We aim to select quasar candidates based on the two large survey databases, Pan-STARRS and AllWISE. Exploring the distribution of quasars and stars in the color spaces, we find that the combination of infrared and optical photometry is more conducive to select quasar candidates. Two new color criterions (yW1W2 and izW1W2) are constructed to distinguish quasars from stars efficiently. With izW1W2, 98.30% of star contamination is eliminated, while 99.50% of quasars are retained, at least to the magnitude limit of our training set of stars. Based on the optical and infrared color features, we put forward an efficient schema to select quasar candidates and high redshift quasar candidates, in which two machine learning algorithms (XGBoost and SVM) are implemented. The XGBoost and SVM classifiers have proven to be very effective with accuracy of 99.46% when 8Color as input pattern and default model parameters.
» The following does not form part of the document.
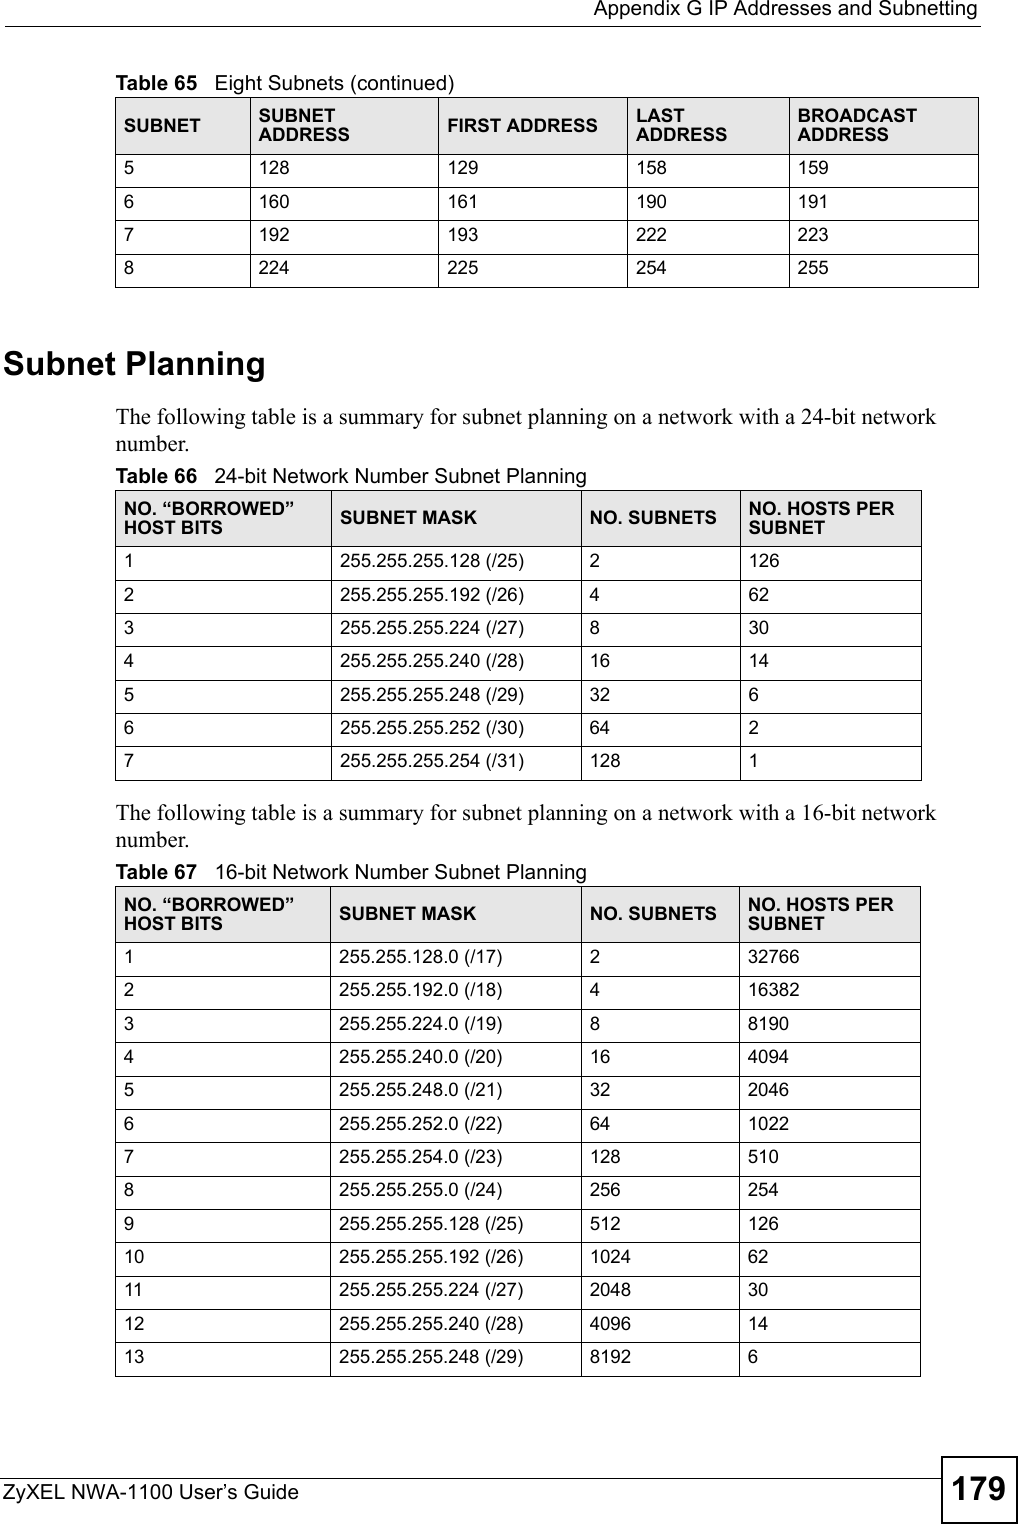  Appendix G IP Addresses and SubnettingZyXEL NWA-1100 User’s Guide 179Subnet PlanningThe following table is a summary for subnet planning on a network with a 24-bit network number.The following table is a summary for subnet planning on a network with a 16-bit network number. 5128 129 158 1596160 161 190 1917192 193 222 2238224 225 254 255Table 65   Eight Subnets (continued)SUBNET SUBNET ADDRESS FIRST ADDRESS LAST ADDRESSBROADCAST ADDRESSTable 66   24-bit Network Number Subnet PlanningNO. “BORROWED” HOST BITS SUBNET MASK NO. SUBNETS NO. HOSTS PER SUBNET1255.255.255.128 (/25) 21262255.255.255.192 (/26) 4623255.255.255.224 (/27) 8304255.255.255.240 (/28) 16 145255.255.255.248 (/29) 32 66255.255.255.252 (/30) 64 27255.255.255.254 (/31) 128 1Table 67   16-bit Network Number Subnet PlanningNO. “BORROWED” HOST BITS SUBNET MASK NO. SUBNETS NO. HOSTS PER SUBNET1255.255.128.0 (/17) 2327662255.255.192.0 (/18) 4163823255.255.224.0 (/19) 881904255.255.240.0 (/20) 16 40945255.255.248.0 (/21) 32 20466255.255.252.0 (/22) 64 10227255.255.254.0 (/23) 128 5108255.255.255.0 (/24) 256 2549255.255.255.128 (/25) 512 12610 255.255.255.192 (/26) 1024 6211 255.255.255.224 (/27) 2048 3012 255.255.255.240 (/28) 4096 1413 255.255.255.248 (/29) 8192 6

Applying the two optimal classifiers to the unknown Pan-STARRS and AllWISE cross-matched data set, a total of 2,006,632 intersected sources are predicted to be quasar candidates given quasar probability larger than 0.5 (i.e. P_QSO>0.5). Among them, 1,201,211 have high probability (P_QSO>0.95). For these newly predicted quasar candidates, a regressor is constructed to estimate their redshifts. Finally 7,402 z>3.5 quasars are obtained. Given the magnitude limitation and site of the LAMOST telescope, part of these candidates will be used as the input catalogue of the LAMOST telescope for follow-up observation, and the rest may be observed by other telescopes.